Hay un par de historias que conectan, por imposible que parezca, el desierto y los sumergibles. Una de ellas la he obtenido de un libro sensacional, Los corsarios submarinos, 1914-18, de Lowell Thomas (Joaquín Gil Editor, 1931). Se da el caso de que el autor es el mismo Lowell que, escribiendo las hazañas del personaje, descubrió al público a Lawrence de Arabia y lo catapultó a la leyenda. En las páginas del libro, Lowell, que se obsesionó con los submarinos tras leer de niño 20.000 leguas de viaje submarino en una mina abandonada en el monte Squaw (Colorado) -yo lo hice en el arcón de mi madre-, menciona la asombrosa historia del comandante alemán Heinrich Kukat, que llevó a bordo de su sumergible dos camellos, regalo de un jeque árabe al que intentó ganarse en Libia para la causa germana.

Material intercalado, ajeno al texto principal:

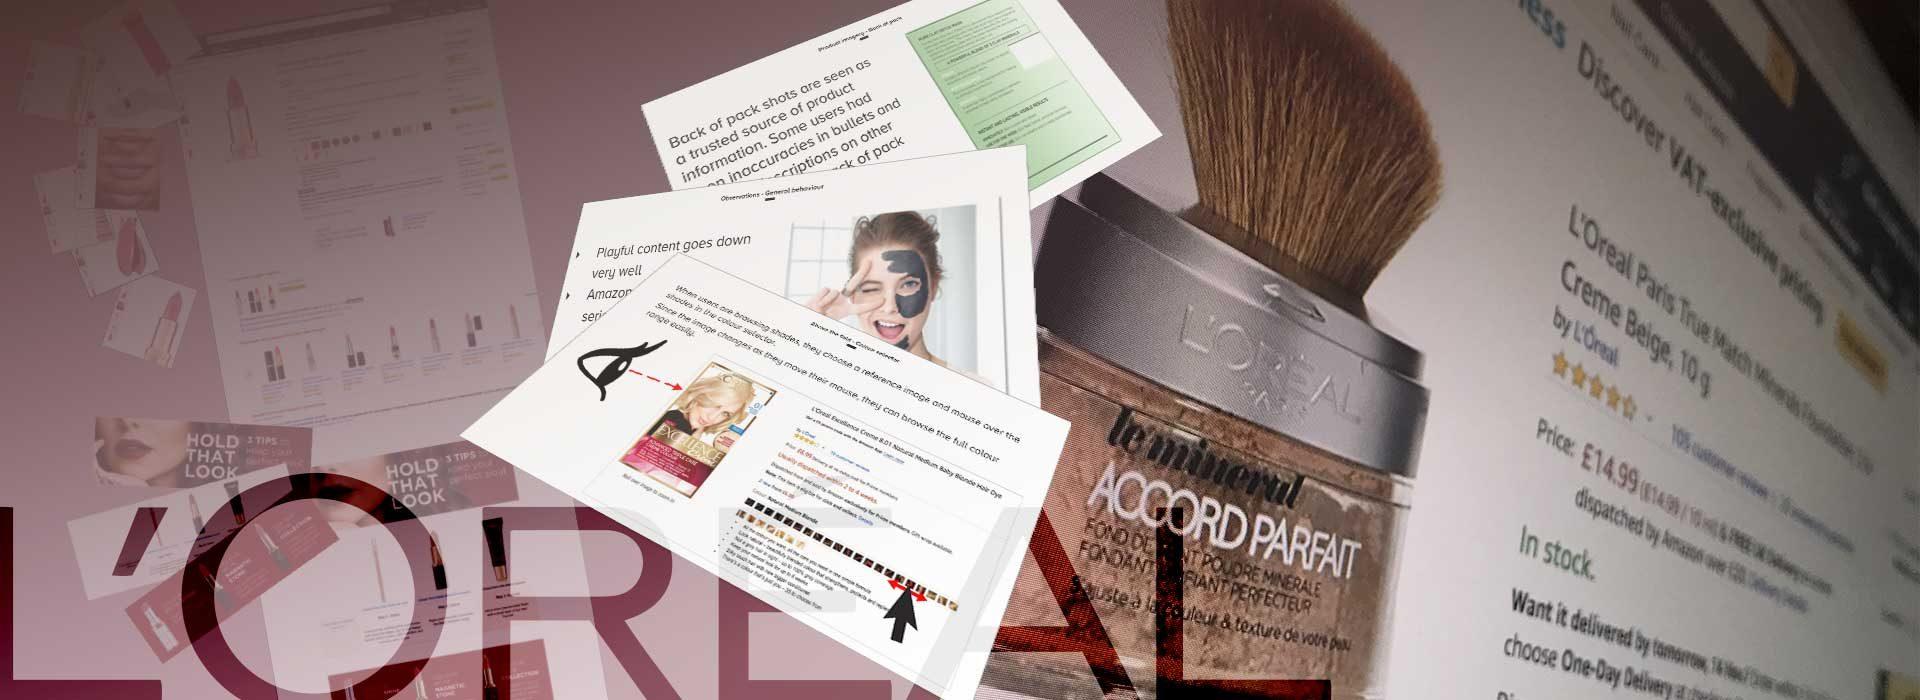 Header image for L'Oréal project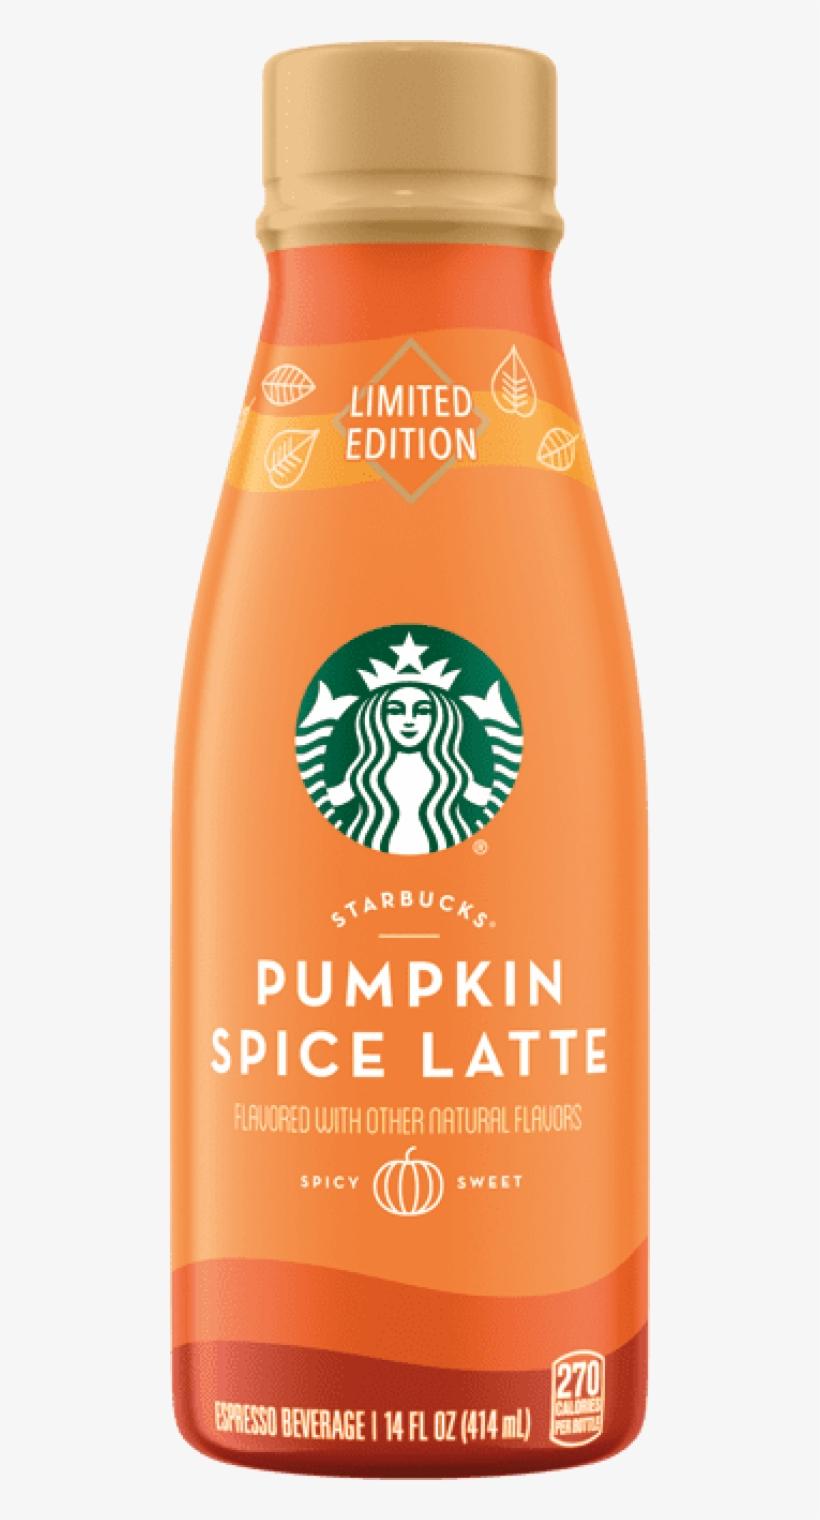 Starbucks Pumpkin Spice Latte Png Png Stock - Limited Edition Starbucks Pumpkin Spice Caffe Latte, transparent png #158457

No es ésta, sin embargo, la mejor historia que conozco sobre submarinos y desierto. No tengo especial simpatía por los exitosos comandantes alemanes de sumergibles de la II Guerra Mundial, un montón de nazis -con alguna honrosa excepción, como Kusch, fusilado por quitar del U-154 el preceptivo retrato de Hitler, o Hirsacker, ejecutado por cobardía-. Pero hay uno cuya historia se parece a la de El paciente inglés y, como es lógico, me puede. Se trata del korvettenkapitän de 34 años Victor Ohern, as de los submarinos y jefe de operaciones del estado mayor alemán (planificó el ataque de Prien a Scapa Flow). Ohern (véase Wolf, de Jordan Vause, 1997) recibió la insólita misión de unirse al Afrika Korps de Rommel ¡como agregado naval! En un trayecto en coche por el desierto, el submarinista se perdió -lo que parece lógico- y cayó en una emboscada de soldados australianos. En la refriega recibió cinco disparos y quedó desangrándose sobre la arena. El lugar era El Alamein. Recogido por una patrulla británica, le llevaron a un hospital de Alejandría donde fue enyesado de arriba abajo y donde sus insignias de submarinista causaron la natural estupefacción. Custodiado por soldados punjabíes -la justicia poética pide a gritos que hubieran sido sijs-, Ohern vivió un infierno, pues se negó a recibir calmantes para no revelar, en estado de semiinconsciencia, los secretos militares que poseía: las claves operativas de los submarinos alemanes en el Mediterráneo. El oficial naval apresado en las dunas acabó regresando a Berlín gracias a un canje de prisioneros y haciéndose pasar (a base de no comer) por enfermo irrecuperable. En el viaje desde Port Said, recaló en... Barcelona.
Aunque lo desearía, no puedo devolver al mar el SA-51 y los dos Ictíneos, que siguen ahí boqueando con agallas de metal junto al transitado y abrasador asfalto. Pero voy a ir a contarles al oído, junto a las escotillas, mi puñado de historias. Y así sus largos y letales cuerpos de barracuda, alumbrados para depredar las glaucas inmensidades, tendrán de nuevo un espacio de libertad, hecho de palabras y rugiente espuma, en el que volver, silenciosos, a sumergirse.